The Poetics of Space by Gaston Bachelard


Gaston Bachelard's "The Poetics of Space" (LaPotique de l'Espace, 1958) is a
phenomenological interrogation into the meaning of spaces which preoccupy poetry, intimate
spaces such as a house, a drawer, a night dresser and spaces of wide expansion such as vistas and
woods. In the opening chapter of The Poetics of Space Gaston Bachelard places special
emphasis on the interior domestic space and its component: the various rooms and the different
types of furniture in it. Bachelard attempts to trace the reception of the poetic image in the
subjective consciousness, a reception which demands, so Bachelard, great openness and a focus
on the present experience while eliminate transient time. The house is, for Bachelard, the
quintessential phenomenological object, meaning that this is the place in which the personal
experience reaches its epitome. Bachelrad sees the house as a sort of initial universe, asserting
that "all really inhabited space bears the essence of the notion of home" (The Poetics of Space,
p.5). Bachelard proceeds to examine the home as the manifestation of the soul through the poetic
image and literary images which are found in poetry. He examines locations in the house as
places of intimacy and memory which are manifested in poetry.

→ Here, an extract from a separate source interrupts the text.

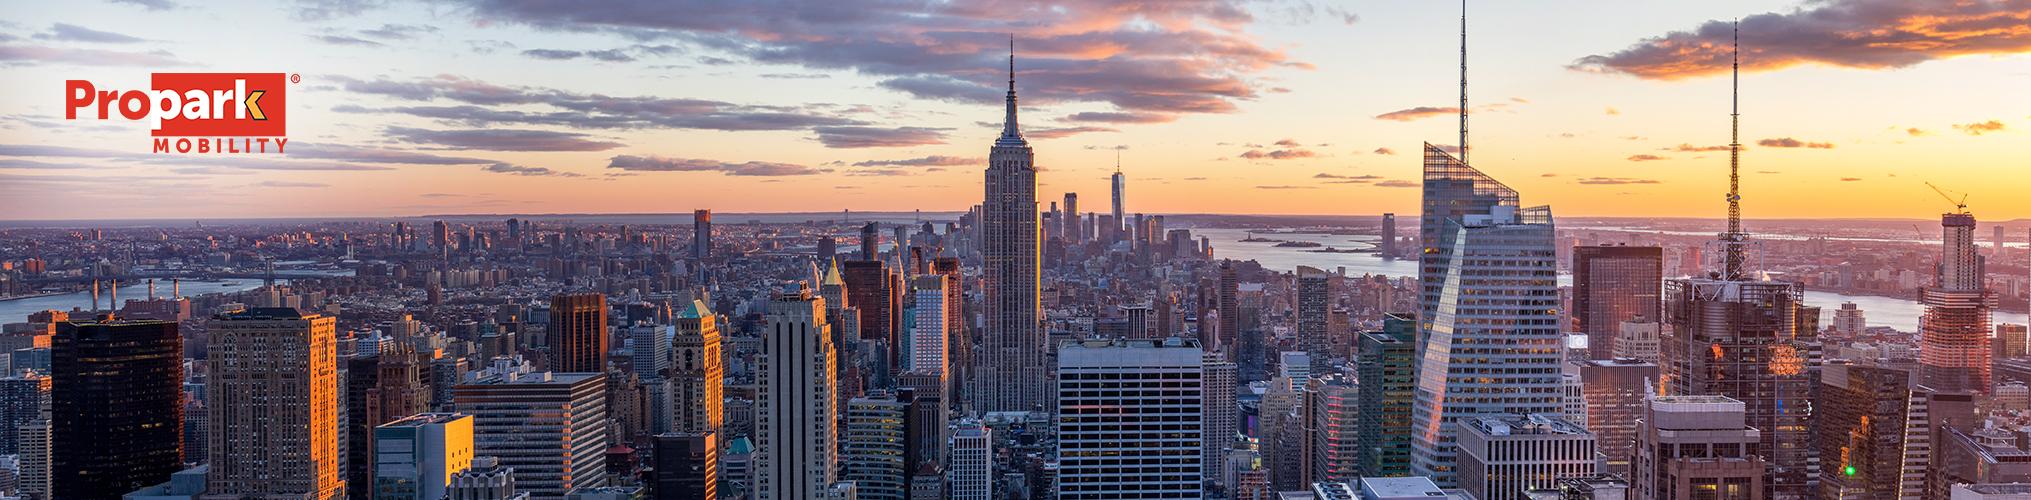 New York City Skyline Propark

The author holds the consciousness, something which precedes conscious thought, does not
require knowledge and is the direct product of the heart and soul. He determines that the house
has both unity and complexity, it is made out of memories and experiences, its different parts
arouse different sensations at yet it brings up a unitary, intimate experience of living. Such
experiential qualities are what Bachelard finds it the poetry and prose he analyzes. Home objects
for Bachelard are charged with mental experience. A cabinet opened is a world revealed, drawers
are places of secrets, and with every habitual action we open endless dimensions of our
existence.
The book content ten chapters, which gives us a vivid idea about space and its illusion of
stability, vertical image of the house which is created by the polarity of the attic and basement
which denote, irrationality and rationality respectively.